DIRECTIONS FOR THIS TASK –
From the data below, return the exact lines starting at the line containing "рисунки на два мозъка" and ending at the line containing "Fleece Christmas Footie", both included, and nothing else.

━━━━━━

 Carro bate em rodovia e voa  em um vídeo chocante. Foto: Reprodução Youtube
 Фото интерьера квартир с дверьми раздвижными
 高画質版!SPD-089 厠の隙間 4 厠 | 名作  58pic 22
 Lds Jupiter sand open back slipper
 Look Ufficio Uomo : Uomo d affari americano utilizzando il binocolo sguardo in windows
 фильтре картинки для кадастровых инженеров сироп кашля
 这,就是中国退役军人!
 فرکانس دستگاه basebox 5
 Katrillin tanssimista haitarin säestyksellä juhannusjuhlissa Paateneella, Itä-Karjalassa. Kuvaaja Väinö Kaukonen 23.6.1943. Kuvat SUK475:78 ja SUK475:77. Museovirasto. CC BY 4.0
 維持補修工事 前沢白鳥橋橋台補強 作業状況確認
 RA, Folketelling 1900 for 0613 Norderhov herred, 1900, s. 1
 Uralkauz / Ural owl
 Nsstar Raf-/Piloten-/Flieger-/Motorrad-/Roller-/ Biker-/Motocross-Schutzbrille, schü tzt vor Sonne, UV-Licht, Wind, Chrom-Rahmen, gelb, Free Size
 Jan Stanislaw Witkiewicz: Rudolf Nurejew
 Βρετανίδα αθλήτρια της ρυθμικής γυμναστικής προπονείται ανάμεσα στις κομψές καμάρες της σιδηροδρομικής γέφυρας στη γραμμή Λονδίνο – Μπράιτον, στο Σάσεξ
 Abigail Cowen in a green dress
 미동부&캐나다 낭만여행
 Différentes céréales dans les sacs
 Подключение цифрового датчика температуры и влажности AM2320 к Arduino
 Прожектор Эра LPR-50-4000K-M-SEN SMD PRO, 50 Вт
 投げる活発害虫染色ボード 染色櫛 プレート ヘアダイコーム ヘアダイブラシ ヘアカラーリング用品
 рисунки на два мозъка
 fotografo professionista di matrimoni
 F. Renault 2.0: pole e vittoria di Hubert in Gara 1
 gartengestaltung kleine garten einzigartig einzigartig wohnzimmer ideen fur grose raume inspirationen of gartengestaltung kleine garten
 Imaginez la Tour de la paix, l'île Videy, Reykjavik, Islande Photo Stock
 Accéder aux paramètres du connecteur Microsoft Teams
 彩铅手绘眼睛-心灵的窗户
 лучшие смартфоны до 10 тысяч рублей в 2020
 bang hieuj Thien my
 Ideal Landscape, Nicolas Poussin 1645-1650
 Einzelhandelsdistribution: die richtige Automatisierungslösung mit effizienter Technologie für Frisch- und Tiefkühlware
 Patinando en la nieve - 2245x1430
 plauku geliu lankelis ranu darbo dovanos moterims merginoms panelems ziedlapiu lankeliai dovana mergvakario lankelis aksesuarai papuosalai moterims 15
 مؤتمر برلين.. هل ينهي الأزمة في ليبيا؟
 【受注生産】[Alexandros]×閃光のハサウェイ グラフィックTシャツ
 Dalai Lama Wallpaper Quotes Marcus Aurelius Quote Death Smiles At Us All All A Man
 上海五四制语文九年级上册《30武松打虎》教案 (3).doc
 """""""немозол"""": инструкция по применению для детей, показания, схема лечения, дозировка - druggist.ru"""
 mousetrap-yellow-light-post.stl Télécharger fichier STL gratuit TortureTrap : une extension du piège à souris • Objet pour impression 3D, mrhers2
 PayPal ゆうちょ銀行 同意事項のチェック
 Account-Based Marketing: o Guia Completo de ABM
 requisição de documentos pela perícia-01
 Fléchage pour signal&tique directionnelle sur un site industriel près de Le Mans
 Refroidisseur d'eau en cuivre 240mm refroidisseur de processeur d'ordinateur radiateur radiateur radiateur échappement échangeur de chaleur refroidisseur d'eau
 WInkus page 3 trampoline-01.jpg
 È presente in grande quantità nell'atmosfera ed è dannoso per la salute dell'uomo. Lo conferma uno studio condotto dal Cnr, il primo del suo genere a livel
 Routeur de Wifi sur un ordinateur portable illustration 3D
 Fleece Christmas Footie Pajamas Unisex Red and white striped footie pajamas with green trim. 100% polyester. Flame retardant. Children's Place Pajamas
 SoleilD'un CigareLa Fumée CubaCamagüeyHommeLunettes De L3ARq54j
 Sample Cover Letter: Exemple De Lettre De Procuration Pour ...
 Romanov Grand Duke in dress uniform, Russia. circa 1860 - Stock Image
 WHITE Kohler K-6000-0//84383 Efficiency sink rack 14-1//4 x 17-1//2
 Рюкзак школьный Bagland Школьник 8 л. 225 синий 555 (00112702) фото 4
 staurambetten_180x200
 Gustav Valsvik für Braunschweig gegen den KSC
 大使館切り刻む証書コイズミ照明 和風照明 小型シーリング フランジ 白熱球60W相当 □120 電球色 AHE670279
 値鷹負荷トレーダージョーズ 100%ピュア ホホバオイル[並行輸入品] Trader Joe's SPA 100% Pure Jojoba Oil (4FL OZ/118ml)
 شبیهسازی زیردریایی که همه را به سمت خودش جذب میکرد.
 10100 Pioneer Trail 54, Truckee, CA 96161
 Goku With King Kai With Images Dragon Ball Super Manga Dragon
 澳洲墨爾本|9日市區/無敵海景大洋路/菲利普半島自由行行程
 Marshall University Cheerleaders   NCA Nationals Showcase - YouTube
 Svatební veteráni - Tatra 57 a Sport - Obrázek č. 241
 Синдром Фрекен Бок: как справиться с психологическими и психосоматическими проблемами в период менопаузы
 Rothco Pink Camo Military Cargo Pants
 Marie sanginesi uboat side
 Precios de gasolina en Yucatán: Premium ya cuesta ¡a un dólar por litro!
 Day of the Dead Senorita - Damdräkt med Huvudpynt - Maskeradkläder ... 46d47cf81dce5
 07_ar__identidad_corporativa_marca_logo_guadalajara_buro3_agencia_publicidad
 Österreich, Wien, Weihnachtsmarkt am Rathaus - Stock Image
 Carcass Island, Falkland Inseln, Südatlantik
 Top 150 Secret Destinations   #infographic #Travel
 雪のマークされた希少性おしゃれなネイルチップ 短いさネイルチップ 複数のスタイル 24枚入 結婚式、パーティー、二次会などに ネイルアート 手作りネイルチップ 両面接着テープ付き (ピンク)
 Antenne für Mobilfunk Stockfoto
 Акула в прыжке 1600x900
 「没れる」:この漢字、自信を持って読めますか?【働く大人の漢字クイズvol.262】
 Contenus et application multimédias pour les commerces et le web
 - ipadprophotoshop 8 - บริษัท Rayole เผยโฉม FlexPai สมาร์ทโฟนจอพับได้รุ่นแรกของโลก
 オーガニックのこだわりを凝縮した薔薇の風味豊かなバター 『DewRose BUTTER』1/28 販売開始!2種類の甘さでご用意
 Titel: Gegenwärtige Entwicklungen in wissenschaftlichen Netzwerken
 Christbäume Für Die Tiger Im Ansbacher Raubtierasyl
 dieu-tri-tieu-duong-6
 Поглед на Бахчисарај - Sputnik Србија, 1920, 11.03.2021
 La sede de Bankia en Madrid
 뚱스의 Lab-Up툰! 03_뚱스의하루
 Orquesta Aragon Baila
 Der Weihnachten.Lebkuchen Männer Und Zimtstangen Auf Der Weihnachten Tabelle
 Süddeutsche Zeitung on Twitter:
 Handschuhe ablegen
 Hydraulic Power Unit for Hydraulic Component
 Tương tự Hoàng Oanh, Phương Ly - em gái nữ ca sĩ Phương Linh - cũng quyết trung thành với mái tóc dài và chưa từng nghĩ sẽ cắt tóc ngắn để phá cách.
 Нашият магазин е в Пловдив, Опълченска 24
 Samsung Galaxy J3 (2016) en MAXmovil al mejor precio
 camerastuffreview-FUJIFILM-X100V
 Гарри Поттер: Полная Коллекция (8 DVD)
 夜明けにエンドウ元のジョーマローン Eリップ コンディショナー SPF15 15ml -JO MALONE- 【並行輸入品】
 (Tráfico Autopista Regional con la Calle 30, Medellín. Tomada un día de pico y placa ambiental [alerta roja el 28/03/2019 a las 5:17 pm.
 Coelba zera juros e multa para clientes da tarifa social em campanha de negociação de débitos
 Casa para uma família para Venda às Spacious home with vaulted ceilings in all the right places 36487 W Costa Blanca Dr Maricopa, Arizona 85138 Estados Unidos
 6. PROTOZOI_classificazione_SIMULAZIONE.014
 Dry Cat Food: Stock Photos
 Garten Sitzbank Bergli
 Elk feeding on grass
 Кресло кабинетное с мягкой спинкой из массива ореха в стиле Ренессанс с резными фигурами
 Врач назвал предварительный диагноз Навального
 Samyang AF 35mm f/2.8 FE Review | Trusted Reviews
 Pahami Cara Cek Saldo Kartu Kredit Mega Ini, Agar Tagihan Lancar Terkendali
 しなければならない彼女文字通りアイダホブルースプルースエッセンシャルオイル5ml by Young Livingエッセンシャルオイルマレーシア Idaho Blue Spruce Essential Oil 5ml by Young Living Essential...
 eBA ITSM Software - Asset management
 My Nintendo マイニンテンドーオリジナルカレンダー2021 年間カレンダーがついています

━━━━━━

EXERCISE OUTPUT –
 рисунки на два мозъка
 fotografo professionista di matrimoni
 F. Renault 2.0: pole e vittoria di Hubert in Gara 1
 gartengestaltung kleine garten einzigartig einzigartig wohnzimmer ideen fur grose raume inspirationen of gartengestaltung kleine garten
 Imaginez la Tour de la paix, l'île Videy, Reykjavik, Islande Photo Stock
 Accéder aux paramètres du connecteur Microsoft Teams
 彩铅手绘眼睛-心灵的窗户
 лучшие смартфоны до 10 тысяч рублей в 2020
 bang hieuj Thien my
 Ideal Landscape, Nicolas Poussin 1645-1650
 Einzelhandelsdistribution: die richtige Automatisierungslösung mit effizienter Technologie für Frisch- und Tiefkühlware
 Patinando en la nieve - 2245x1430
 plauku geliu lankelis ranu darbo dovanos moterims merginoms panelems ziedlapiu lankeliai dovana mergvakario lankelis aksesuarai papuosalai moterims 15
 مؤتمر برلين.. هل ينهي الأزمة في ليبيا؟
 【受注生産】[Alexandros]×閃光のハサウェイ グラフィックTシャツ
 Dalai Lama Wallpaper Quotes Marcus Aurelius Quote Death Smiles At Us All All A Man
 上海五四制语文九年级上册《30武松打虎》教案 (3).doc
 """""""немозол"""": инструкция по применению для детей, показания, схема лечения, дозировка - druggist.ru"""
 mousetrap-yellow-light-post.stl Télécharger fichier STL gratuit TortureTrap : une extension du piège à souris • Objet pour impression 3D, mrhers2
 PayPal ゆうちょ銀行 同意事項のチェック
 Account-Based Marketing: o Guia Completo de ABM
 requisição de documentos pela perícia-01
 Fléchage pour signal&tique directionnelle sur un site industriel près de Le Mans
 Refroidisseur d'eau en cuivre 240mm refroidisseur de processeur d'ordinateur radiateur radiateur radiateur échappement échangeur de chaleur refroidisseur d'eau
 WInkus page 3 trampoline-01.jpg
 È presente in grande quantità nell'atmosfera ed è dannoso per la salute dell'uomo. Lo conferma uno studio condotto dal Cnr, il primo del suo genere a livel
 Routeur de Wifi sur un ordinateur portable illustration 3D
 Fleece Christmas Footie Pajamas Unisex Red and white striped footie pajamas with green trim. 100% polyester. Flame retardant. Children's Place Pajamas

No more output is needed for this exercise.